Stored data START

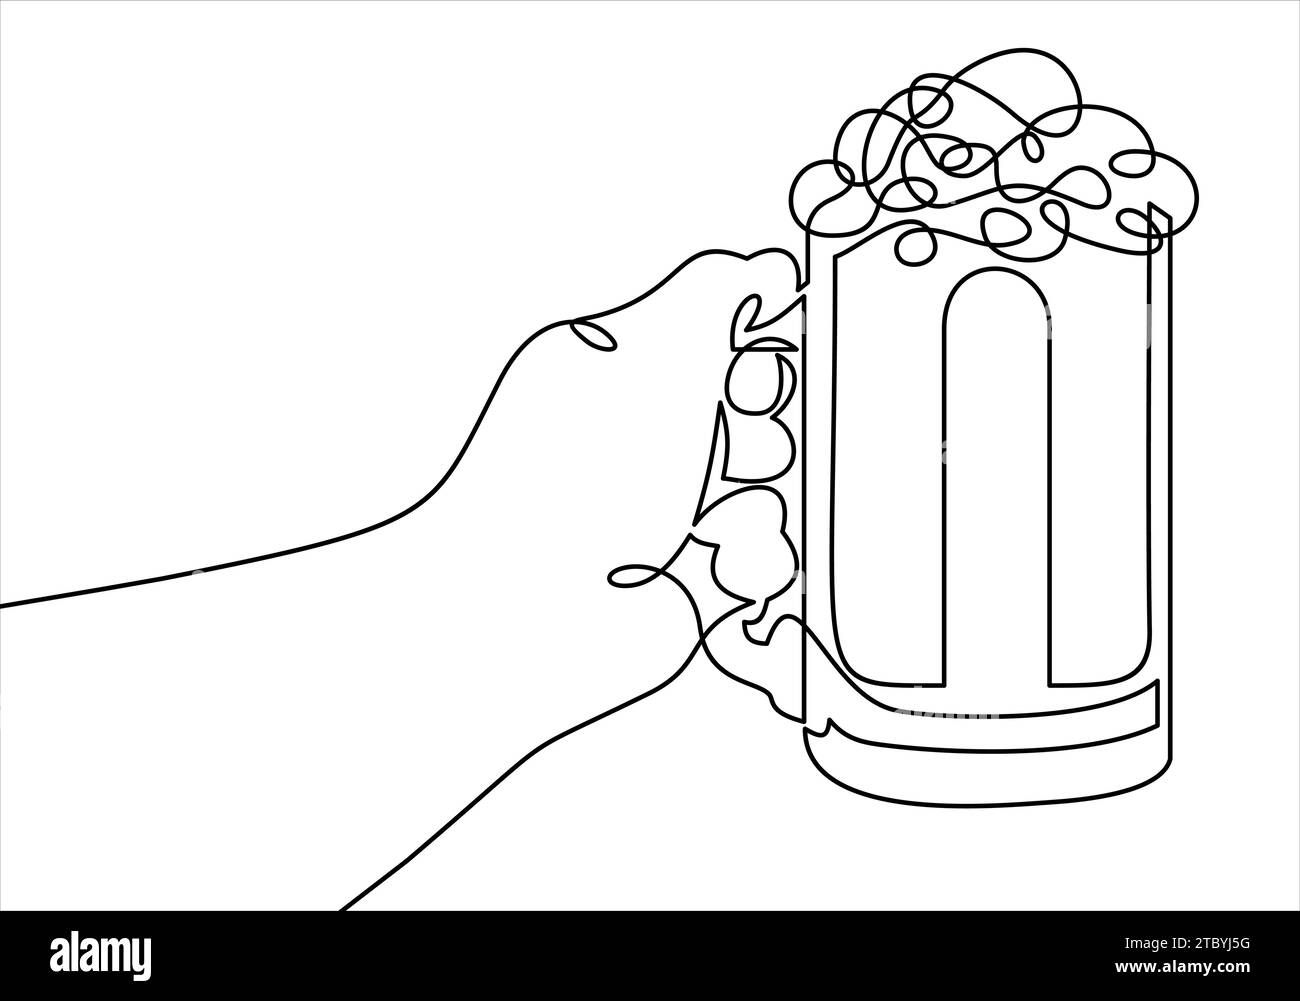 Linea continua del bicchiere di birra che tiene a mano. Illustrazione Vettoriale
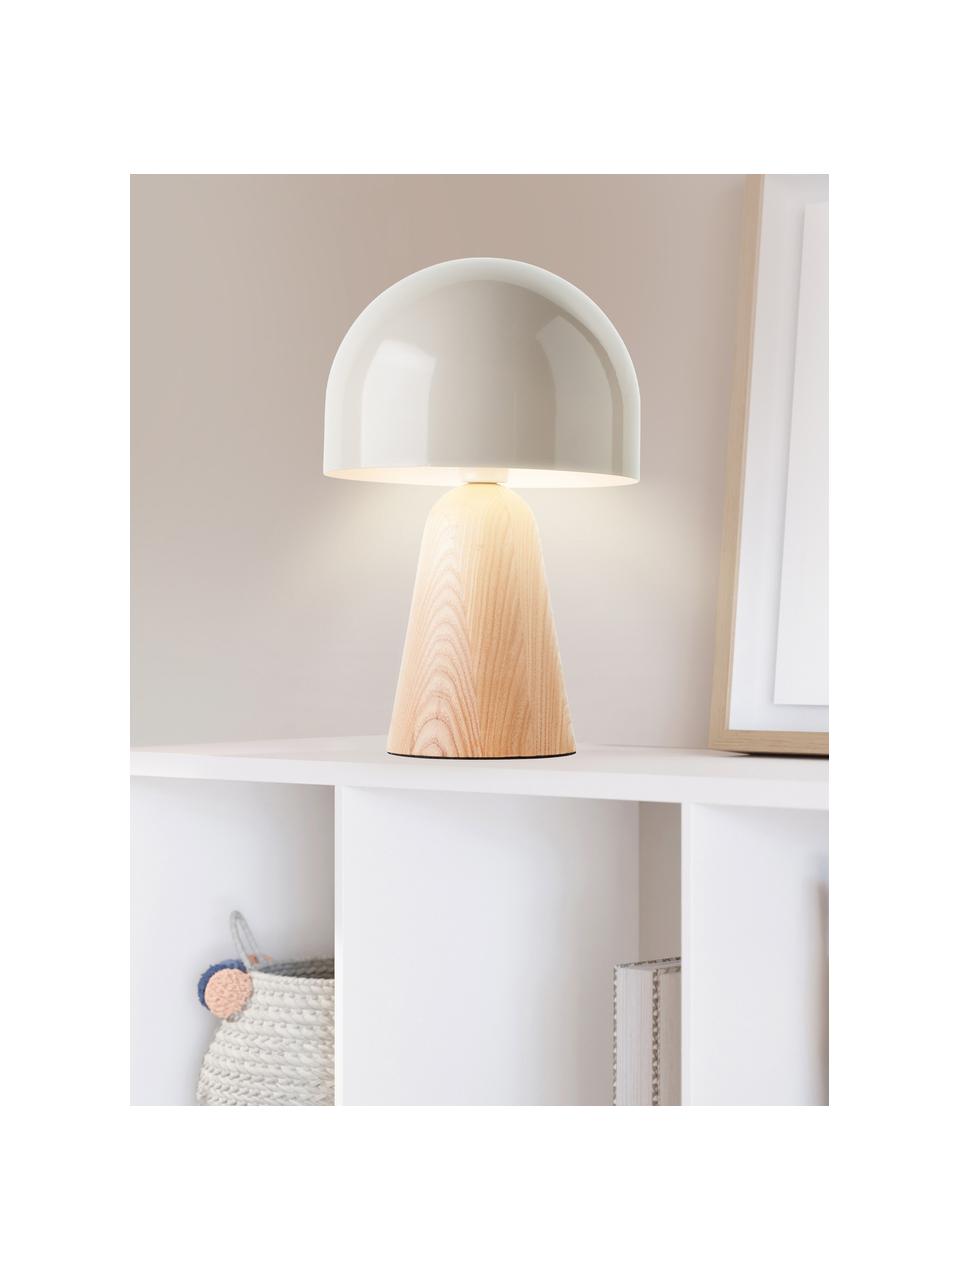 Kleine tafellamp Nalam, Lampenkap: gecoat metaal, Lampvoet: hout, FSC-gecertificeerd, Lichtbeige, helder hout, Ø 20 x H 31 cm
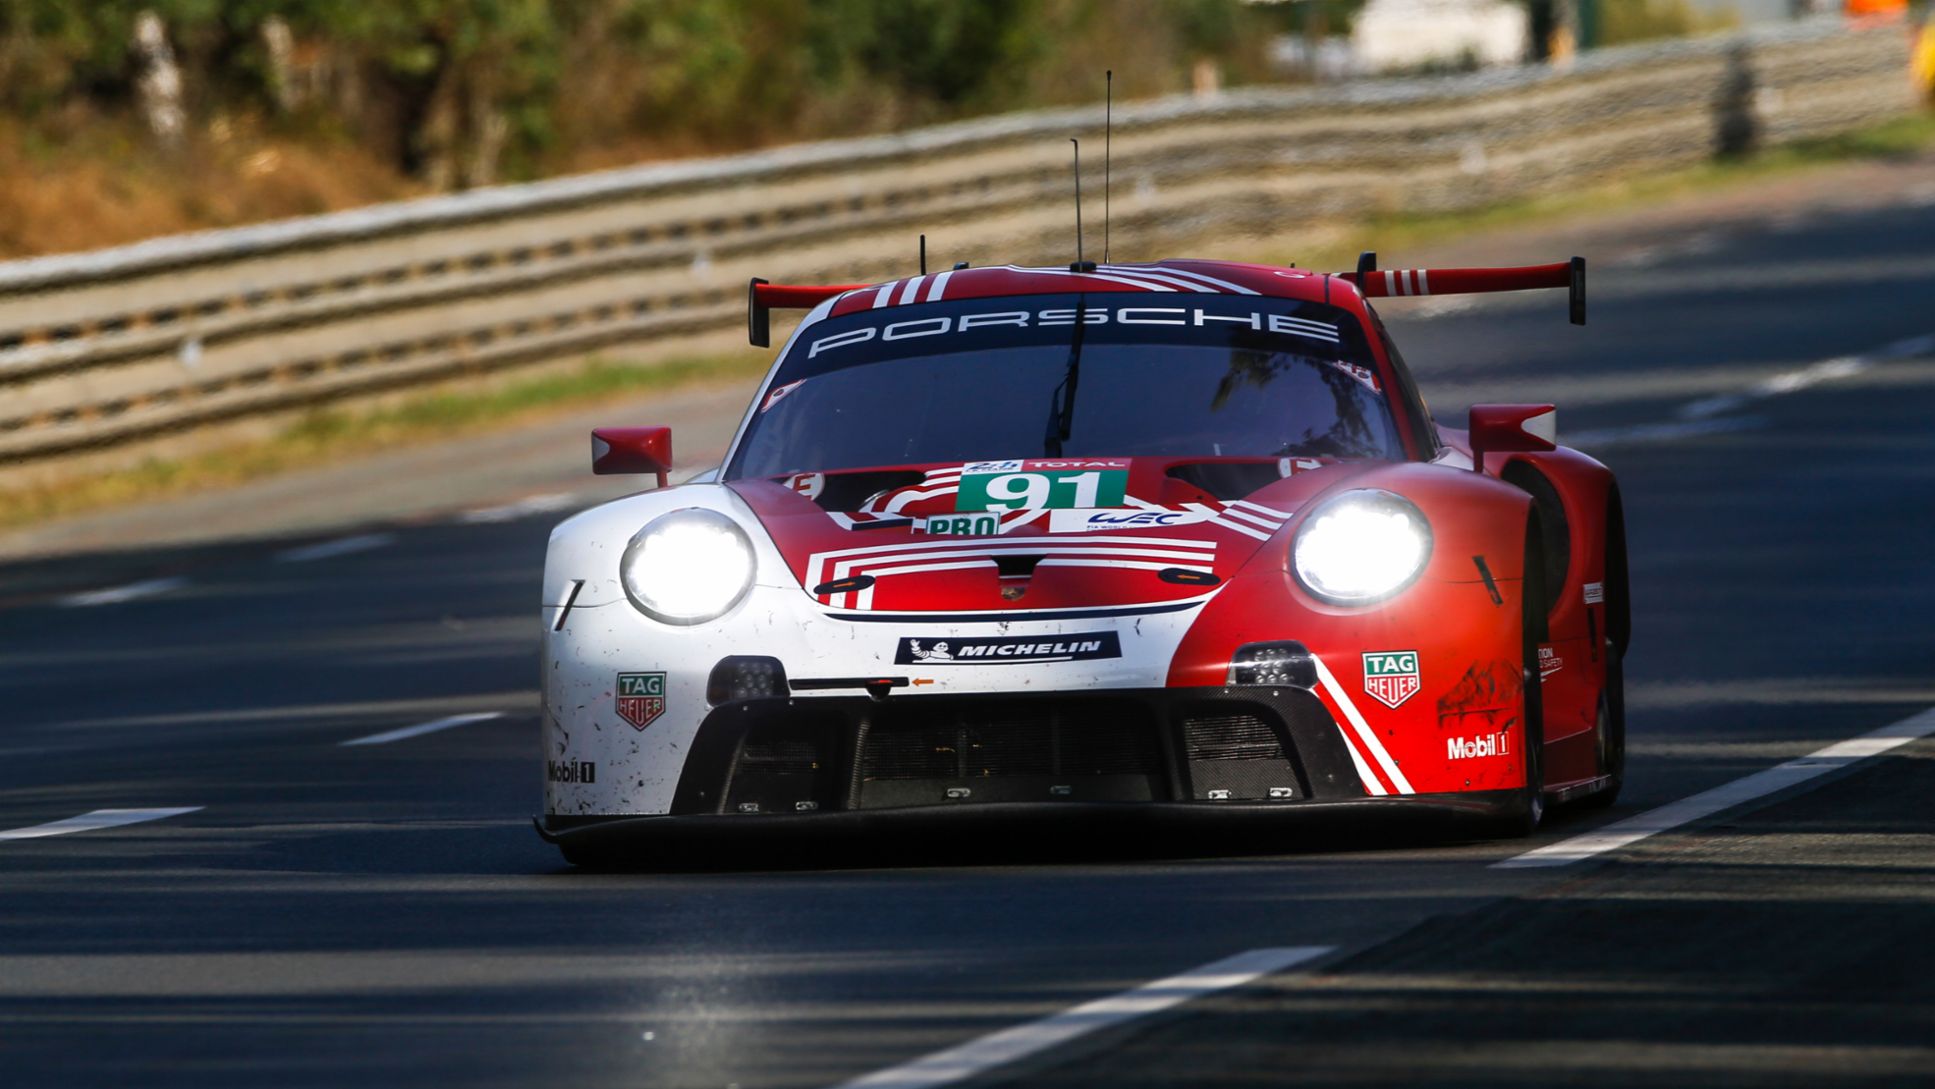 911 RSR, Qualifying, FIA WEC, Le Mans, 2020, Porsche AG

Stored data END

[Task prompt]: Reproduce the whole of the data, word for word, and omit its pictures.

[Solved exercise]:
 Linea continua del bicchiere di birra che tiene a mano. Illustrazione Vettoriale
 Kleine tafellamp Nalam, Lampenkap: gecoat metaal, Lampvoet: hout, FSC-gecertificeerd, Lichtbeige, helder hout, Ø 20 x H 31 cm
 911 RSR, Qualifying, FIA WEC, Le Mans, 2020, Porsche AG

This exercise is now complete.